In this case, a nonunion contractor signed a PLA that was part of the bid specifications for a project at the Los Angeles Unified School District (LAUSD). The contractor requested apprentices from the applicable International Brotherhood of Electrical Workers (IBEW) union program, as required by the PLA. The IBEW program failed to dispatch apprentices, so the contractor requested apprentices from a nonunion program – a practice thought to be permissible under this particular PLA. The nonunion program provided 17 apprentices, who had received the appropriate training for the project.
Subsequently, the IBEW and its related trust funds sued the contractor in federal court, contending that the contractor should have paid journeymen wages and benefits to the apprentices because they were not dispatched from the applicable union apprenticeship program as specified in the PLA.

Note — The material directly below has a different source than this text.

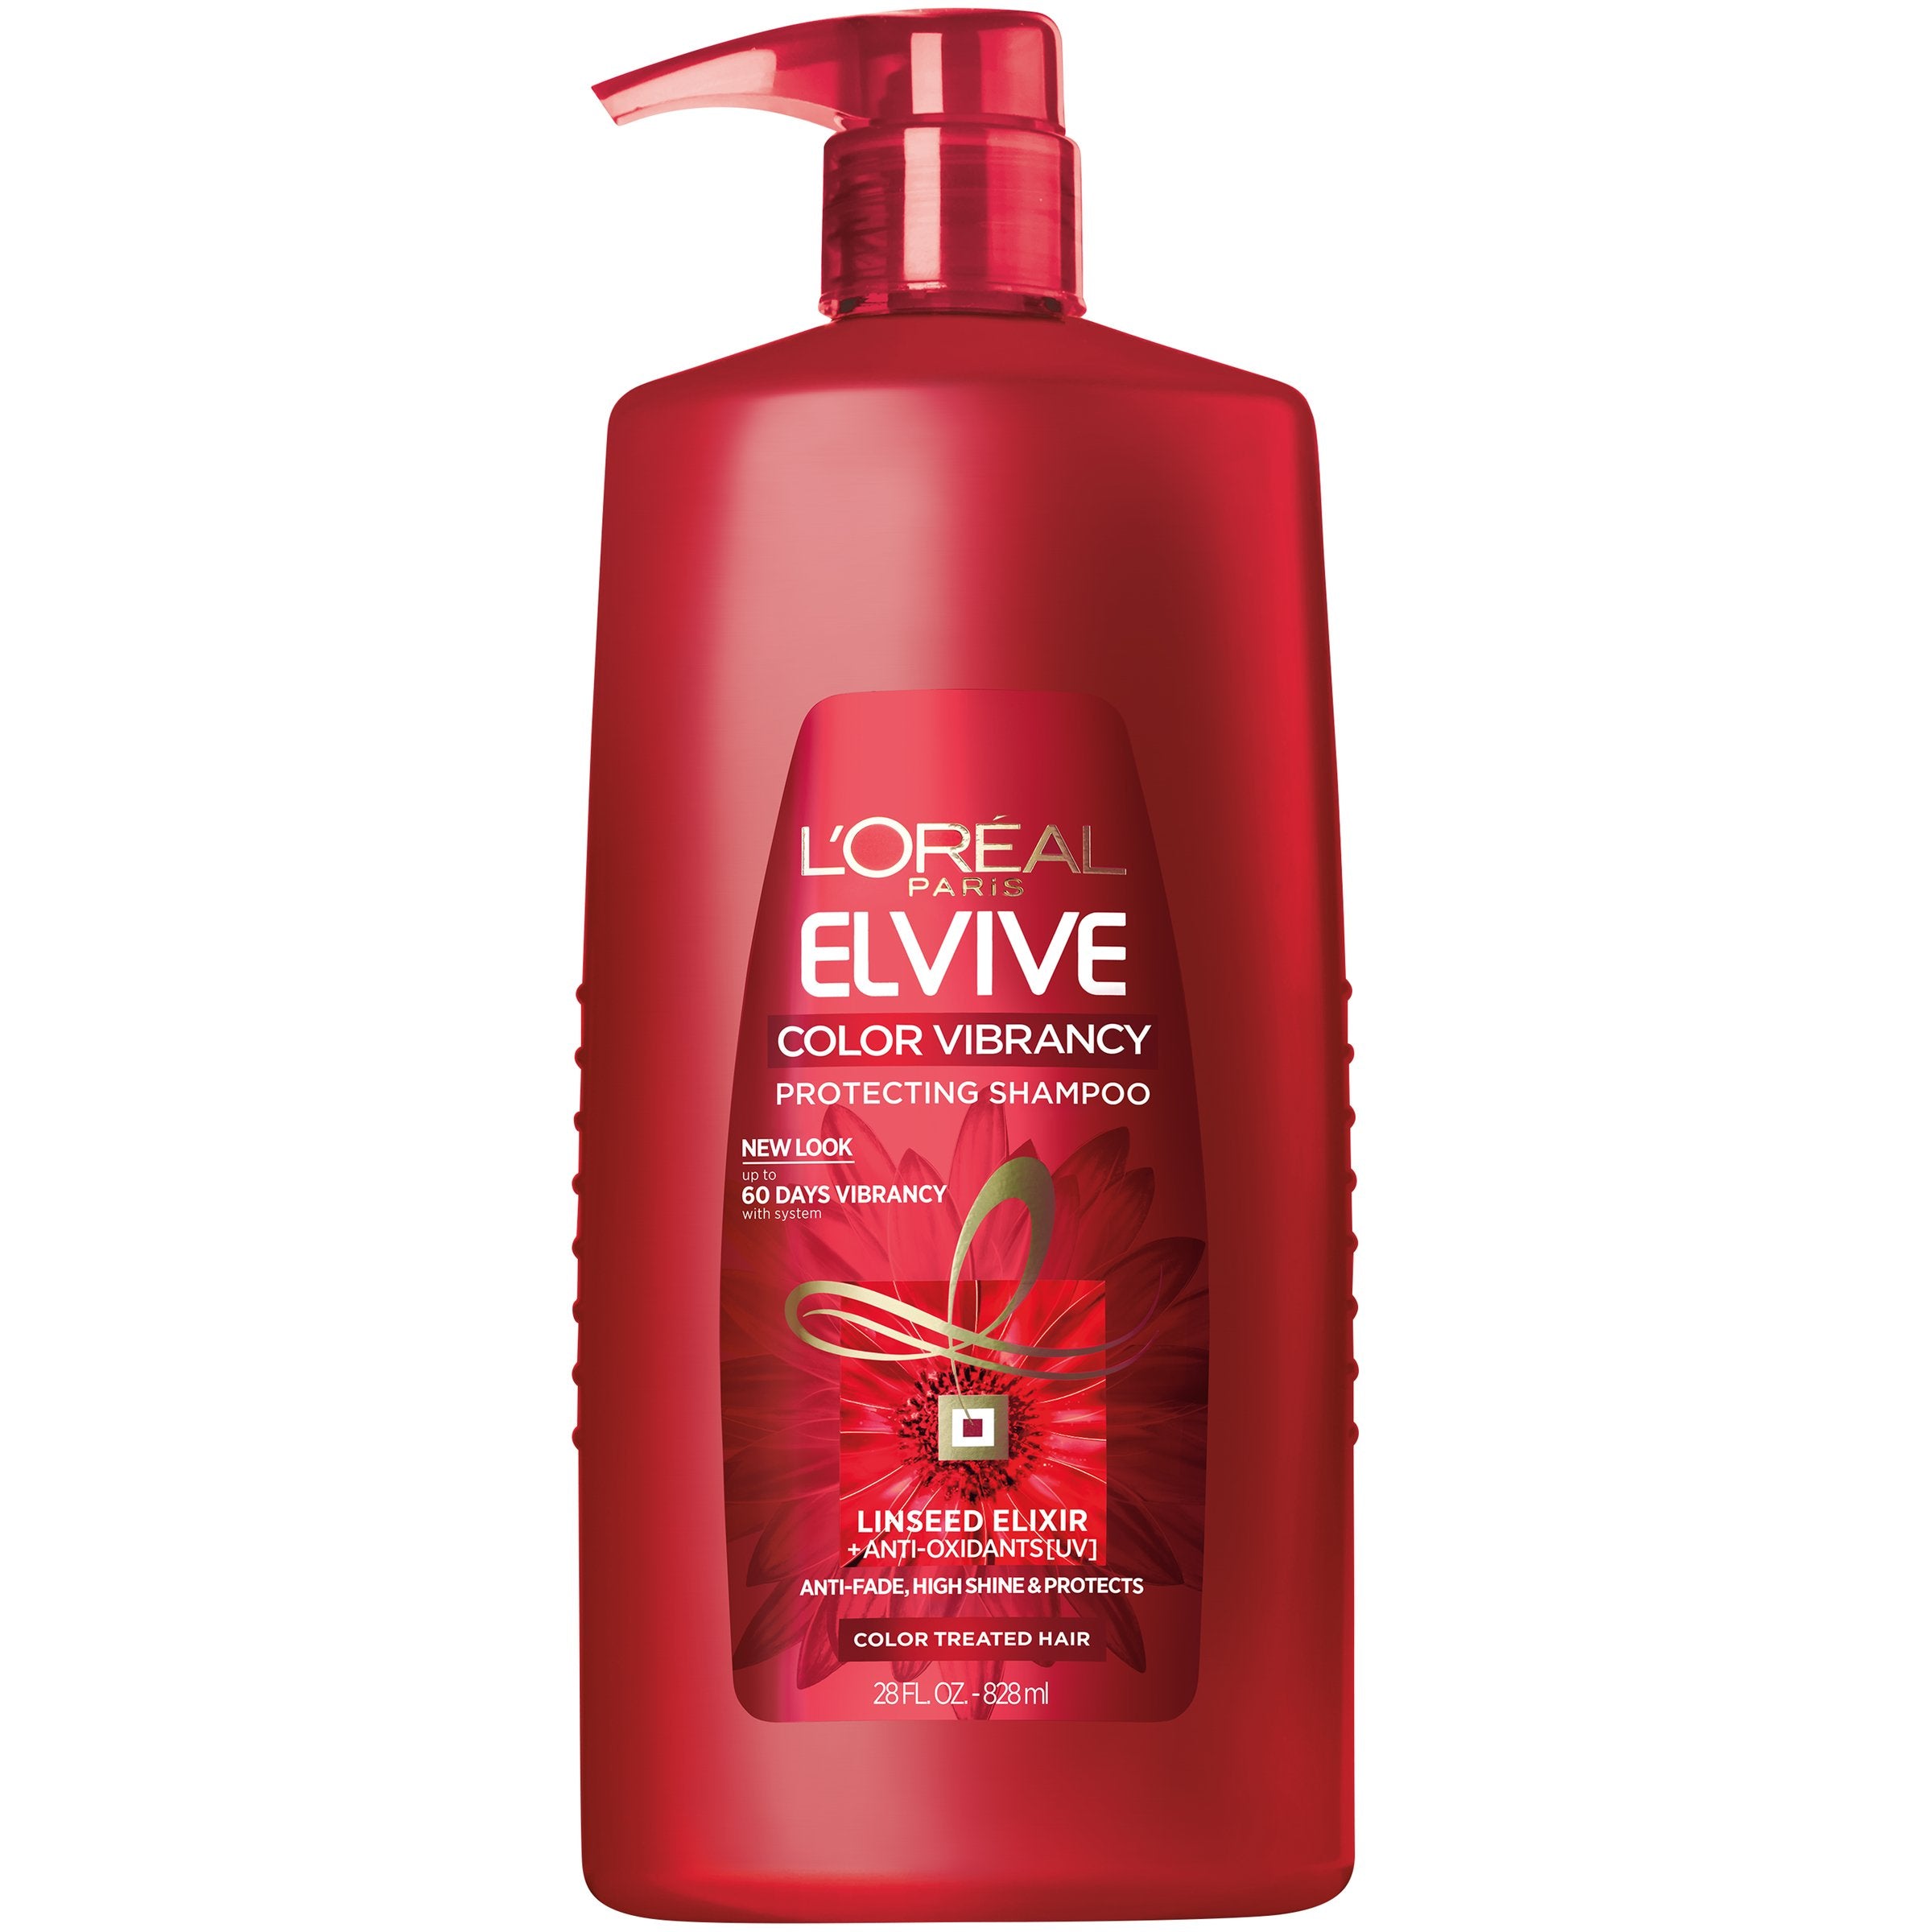 L'Oreal Paris Elvive Color Vibrancy Protecting Shampoo, for Color Treated Hair, Shampoo with Linseed Elixir and Anti-Oxidants, for Anti-Fade, High Shine, and Color Protection, 28 Fl Oz-CaribOnline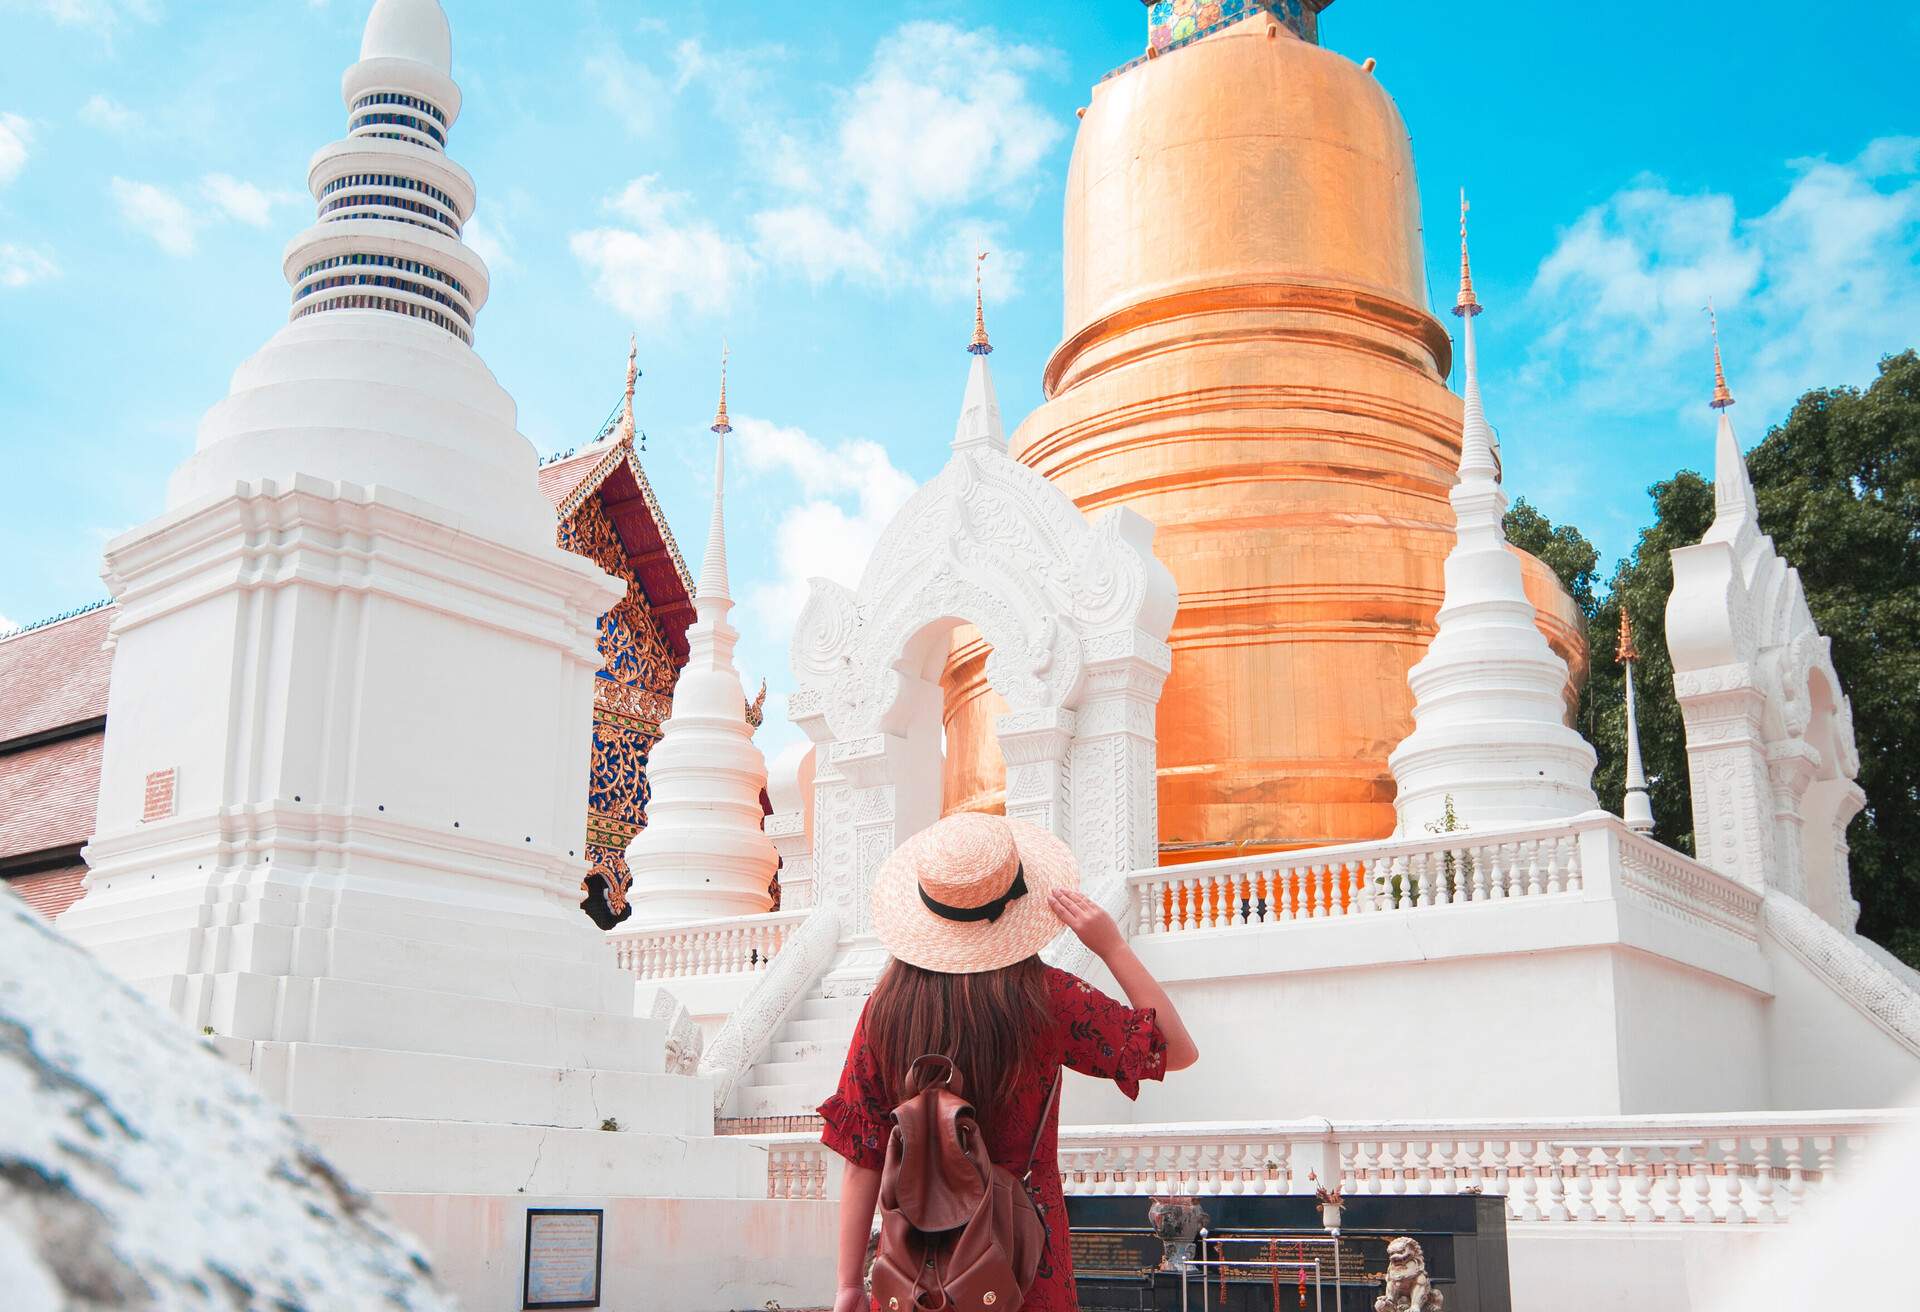 A lady tourist looks in awe at the golden royal temple with a bell-shaped chedi surrounded by white pagodas.

The lead negotiator for the Los Angeles and Orange Counties Building and Trades Council who participated in drafting the PLA was allowed to testify that the parties intended the term “apprentice” to mean only apprentices in union training programs. Earlier drafts of the PLA, which were entered into evidence, demonstrated that any broader definition of “apprentice” had been repeatedly rejected. The IBEW business manager also testified that a person cannot be an “apprentice” under the labor agreement unless the person signs an apprenticeship agreement with the IBEW. Therefore, all apprentices must come form union programs, nonunion apprentices are not recognized and are actually journeyman, and the employer should have paid journeyman level benefits into union funds.
On November 3, 2009, a district court judge ruled that the PLA required apprentices to come from union programs. The judge awarded the union $272,738.63 in underpaid trust contributions, including interest of $55,940.34, along with liquidated damages of $55,940.34 and additional auditor fees of $7,177.50.
This contractor was given a rude lesson about signing agreements with construction unions to work for fiscally unaccountable and irresponsible local governments.
The court avoided ruling directly whether nonunion apprentices were permitted on the PLA project. Instead they ruled that nonunion apprentices should have been paid journeyman wages and were therefore journeymen.
This case study undermines promises by PLA advocates that PLAs permit the use of nonunion apprentices on a PLA project. The IBEW witness testified that apprentices from nonunion programs were not welcome on this particular PLA project.
This case serves as an strong example of how PLAs discourage competition from nonunion contractors and their nonunion employees and apprentices.